Sample size calculation
The calculation of an adequate sample size is crucial to ensuring that you enroll a sufficient number of participants to stand a reasonable chance of arriving at a meaningful result. Specifically, this means enrolling sufficient participants so to be able to confidently accept or reject the null hypothesis of no clinically meaningful difference between the study arms. This is also an ethical consideration, as it may be difficult to justify subjecting a participant to the risks and burdens of a clinical study if there is little chance of a meaningful conclusion.
As it is almost never feasible to study the whole disease population, a sample of participants/subjects is selected from the entire population, which adequately represents the population from which it is drawn, so that inferences about the population as a whole can be made from the study results.
Statistically, the goal of sample size calculation is to minimise the chances of TYPE I ERROR (alpha) and TYPE II ERROR (beta). These errors represent false positives and false negatives, respectively.
There are several factors that needed to be considered when calculating the sample size:
- Type outcome variable (continuous, categorical, ordinal) and the statistical test that will be used to test the primary outcome.
- The desired POWER (also referred to as ‘1-BETA’; usually 80-90%). This refers to the chance of detecting an effect when a true effect exists. E.g. with 80% power, your study has an 80% chance of picking up an effect of the intervention (if such an effect exists).
- The desired false positive rate (also referred to as ‘ALPHA’; usually 5%), i.e. the chance that your study will show an effect of the intervention when no such effect exists. This value is the same as your p-value for statistical significance – usually 0.05.
- The estimated effect size [the difference between the two groups] and the outcome rate or mean value in the control and treatment groups. Estimates of these values are needed for calculating your sample size. They should be realistic and based on existing evidence as far as possible. The smaller the effect size (or difference between groups) you are wanting to detect, the larger the study will need to be.

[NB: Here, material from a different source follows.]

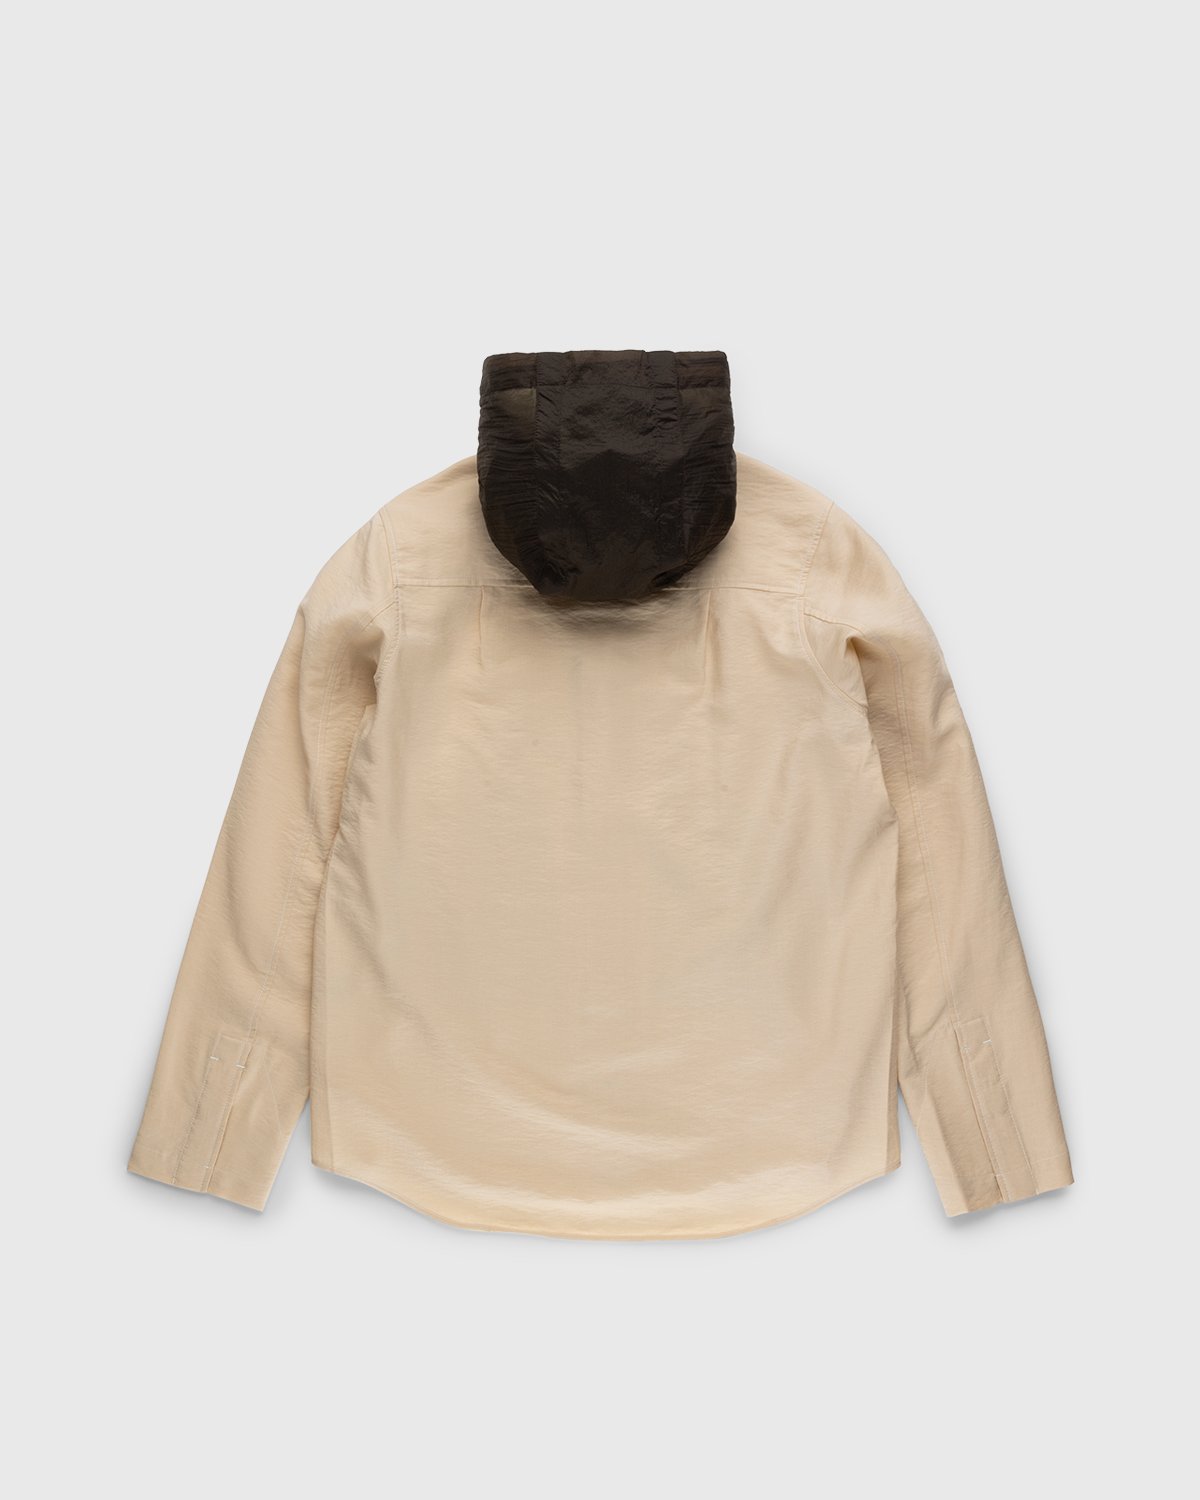 Arnar Mar Jonsson - Solarlag Hooded Shirt Melon/Chocolate - Clothing - Beige - Image 2
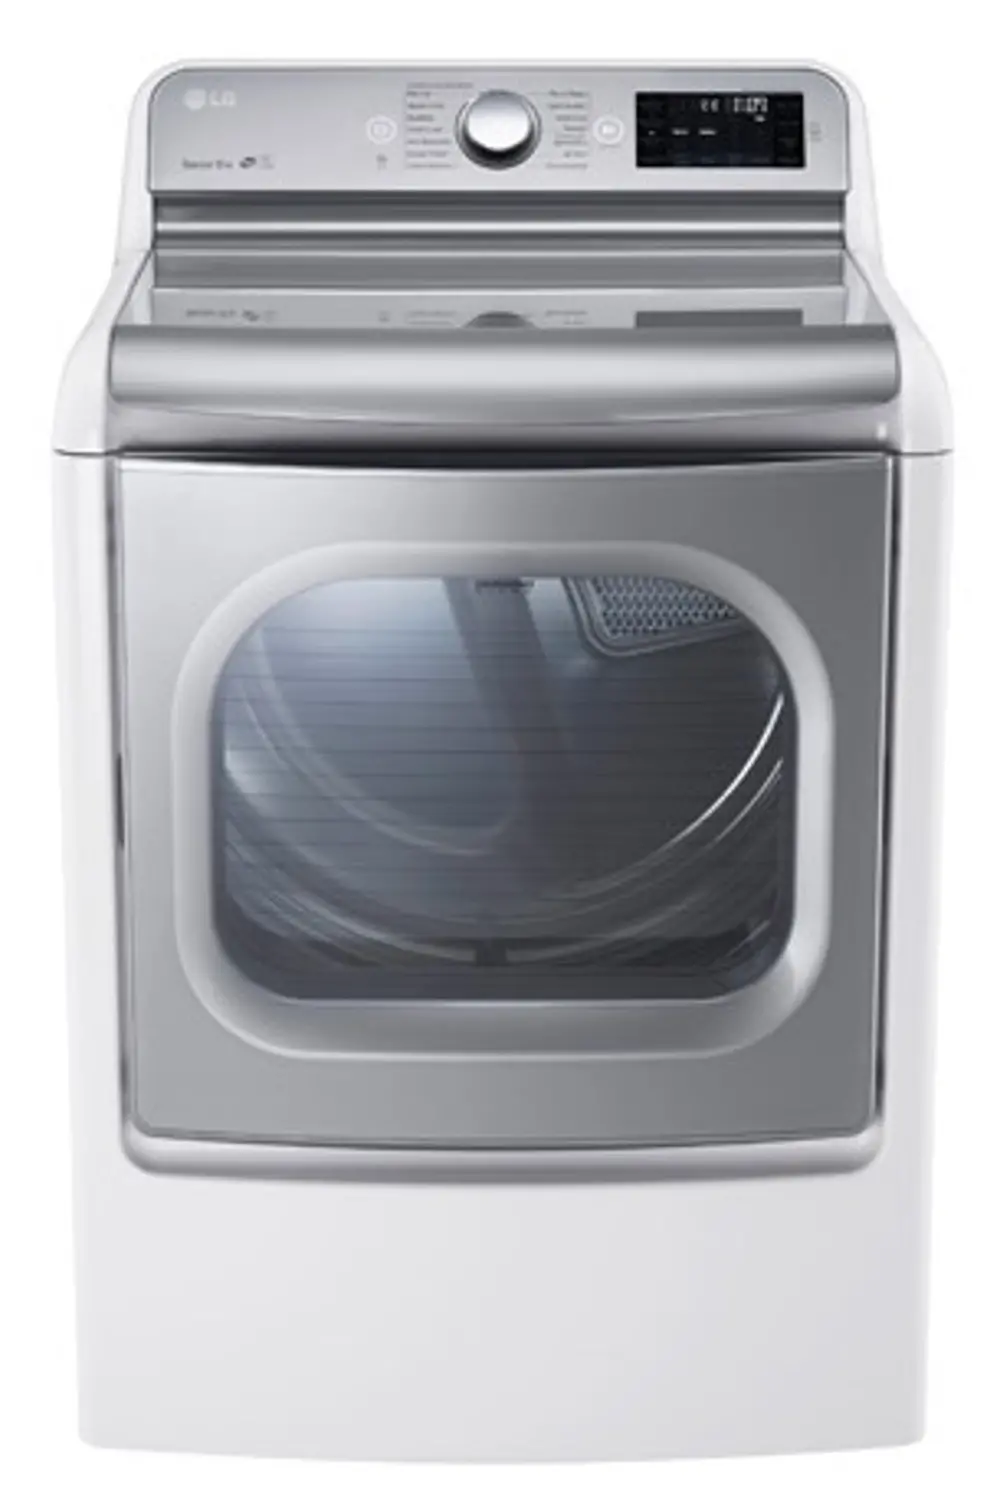 DLGX7701WE LG Gas Dryer - White 9.0 cu. ft.-1

- The variability in the primary outcome. Most often defined by the STANDARD DEVIATION. The more variation in your study outcome, the larger your sample size will need to be. This variation may be simple ‘noise’ due to usual interindividual differences, but it may also be influenced by your choice of inclusion and exclusion criteria; a more diverse group of patients (diverse in terms of likely to have a wide variety of outcomes or responses to treatment) makes your study more generalizable, potentially at the case of requiring a larger sample size.
Estimating the effect size can be challenging as there are often no previously published studies to indicate what sort of effects to expect (if there was you might not be doing your study!). The most common approach is to use evidence from related studies or to use what you think is a reasonable MINIMAL CLINICALLY IMPORTANT DIFFERENCE. You might want to consider a pilot study to inform your understanding of what to expect.
Keep in mind also the connection between your study inclusion and exclusion criteria, and the fact that study participants are generally fitter and healthier than the overall population. These factors influence the expected rate of study outcomes (e.g. fewer deaths or infections in a healthier study cohort than in the overall population), the possible loss to follow up, and sometimes the response to the intervention (and therefore the study effect size). This can have an important effect on a study’s success, as when a study sees fewer outcomes than expected and so fails to have the power to demonstrate a difference between the intervention and control. Because the effects of these factors can be challenging to predict, many studies rely on data from a pilot study. Another approach is to design the study as ‘event-driven’ – meaning that you plan to continue to recruit participants until the desired number of study outcomes are observed. Adaptive designs are also becoming more common, where the sample size is re-estimated during the study, and then adjusted in light of the observed event rates.
To begin with, if your primary outcome will be tested using a simple statistical test (eg. t-test, Chi-squared, log-rank test) then there are numerous online calculators that can perform the calculation for you. However, if you plan to use more complex analytical methods, or to use a flexible method such as ‘event-driven’ study or adaptive design, then consultation with a statistician is essential.